Numerous leading news organisations recently added code into their websites to prevent OpenAI’s web crawler, GPTBot, from scanning their platforms for content. In addition to CNN, Reuters, and The New York Times, as reported last week, international news and media giants had done the same from Disney to ESPN, and Bloomberg to ABC News. Major publishers like Condé Nast and Hearst have also blocked the bot.

News archives are key to training the generative artificial intelligence that makes ChatGPT ground-breaking. Feeding the GPTBot facts derived from news outlets, facts that have been checked, unlike the barrage of fake news online, is exactly what makes the new technology invaluable.

News organisations are simultaneously, and thus far individually, inserting code to protect their data from a fast-evolving technology that threatens the news industry globally, already considered under attack by unregulated dissemination of misinformation, and deemed a growing security threat worldwide.

Legal action has yet to be taken for the use and misuse of media and news outlets’ intellectual property and the US’ Associated Press signed a licensing agreement with OpenAI, ChatGPT’s creator.
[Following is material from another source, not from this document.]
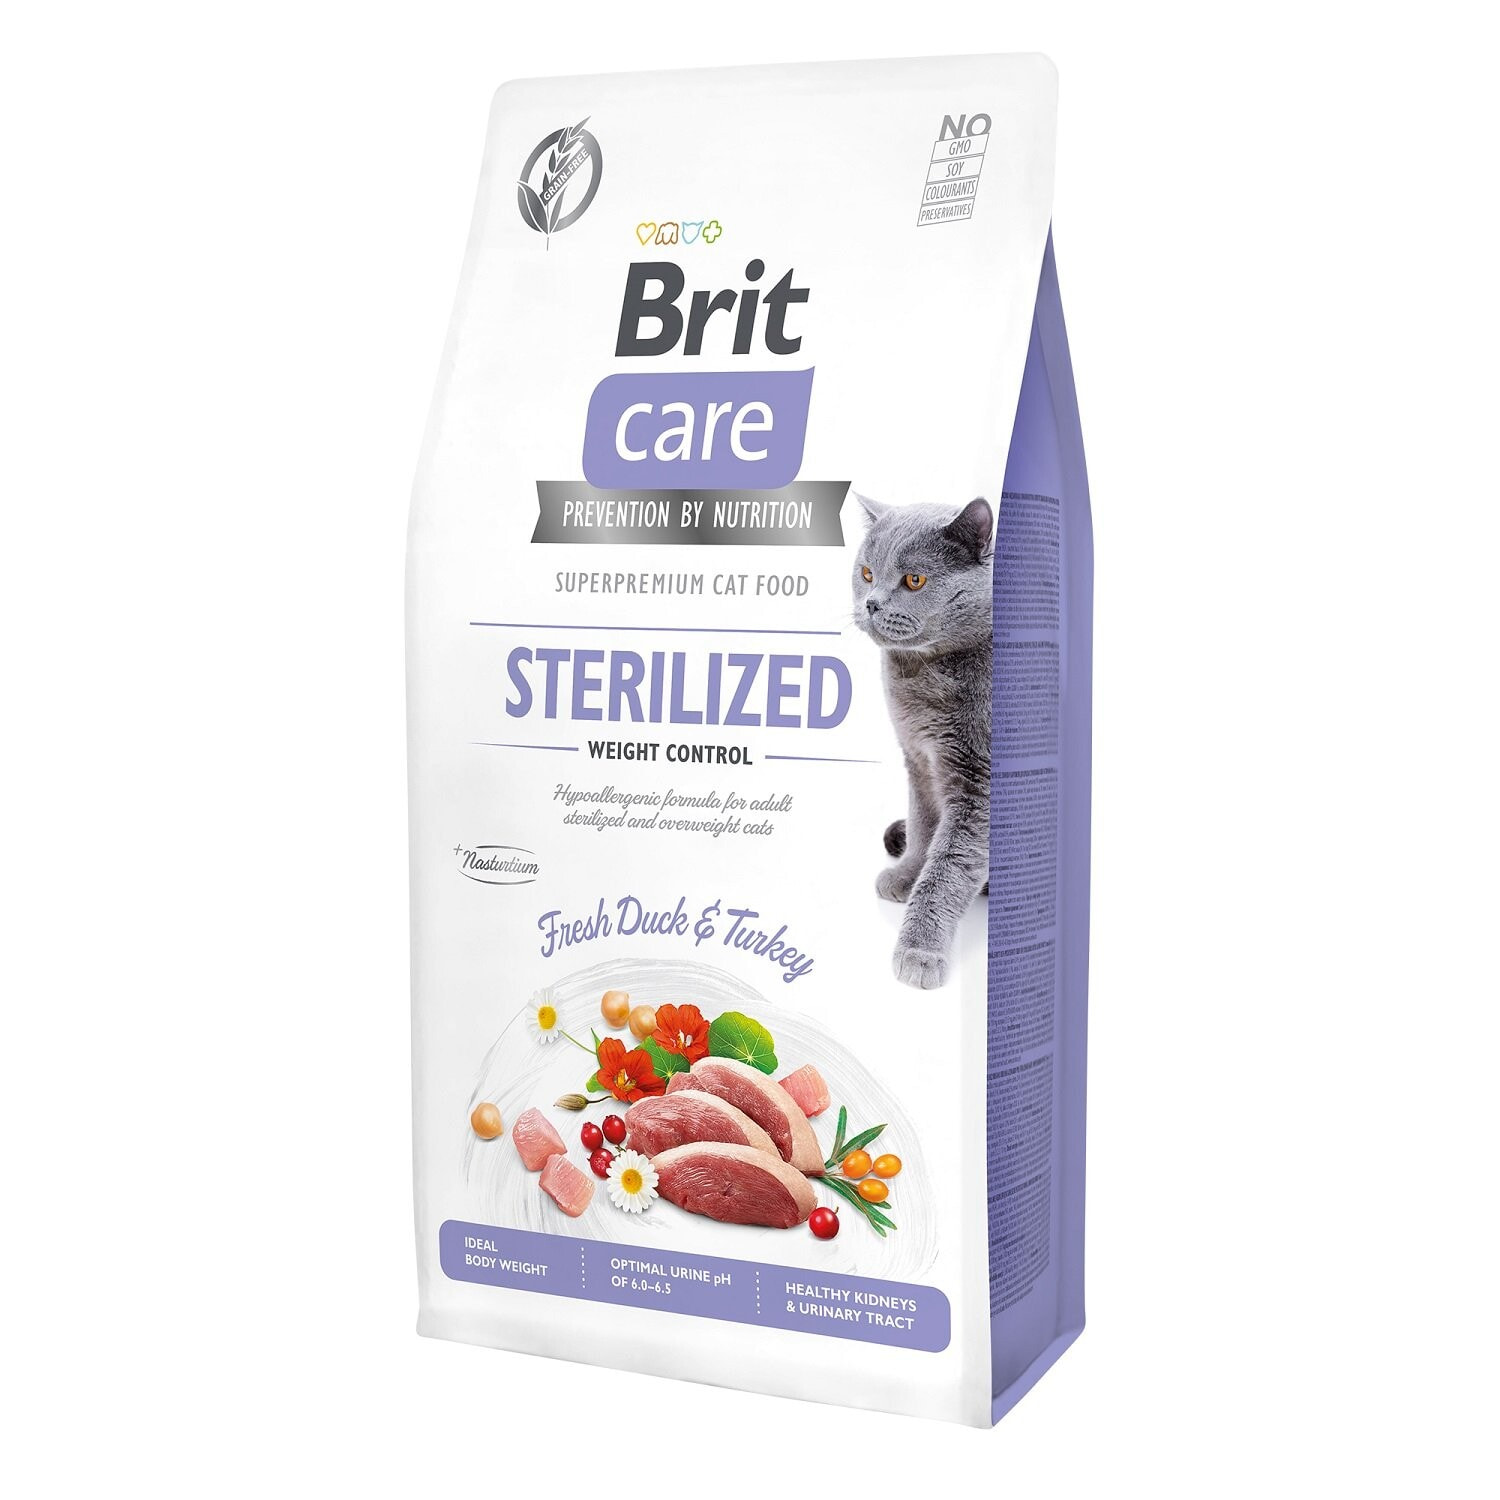 Сухой корм для кошек VAFO PRAHS, Brit Care, для стерилизованных, с уткой

Newsrooms had been inadvertently training the very robot some fear might render them redundant. Inserting code designed to block GPTBot’s access to their database, the news and media industry as a whole seems to be following suit. The mass news block risks negatively impacting the quality of the blocked bot ChatGPT.

Whether the media and newsrooms’ move is motivated by their desire to protect the truth or their need for a lifeline in the form of licensing fees, it could also be both.

Without major newsrooms, the quality and reliability of news and journalism will dissipate with an incalculable knock-on effect for society. Ironically, the demise of the newsroom would also affect the quality of ChatGPT in the long run and while life without ChatGPT is survivable, what would life without dependable news sources look like?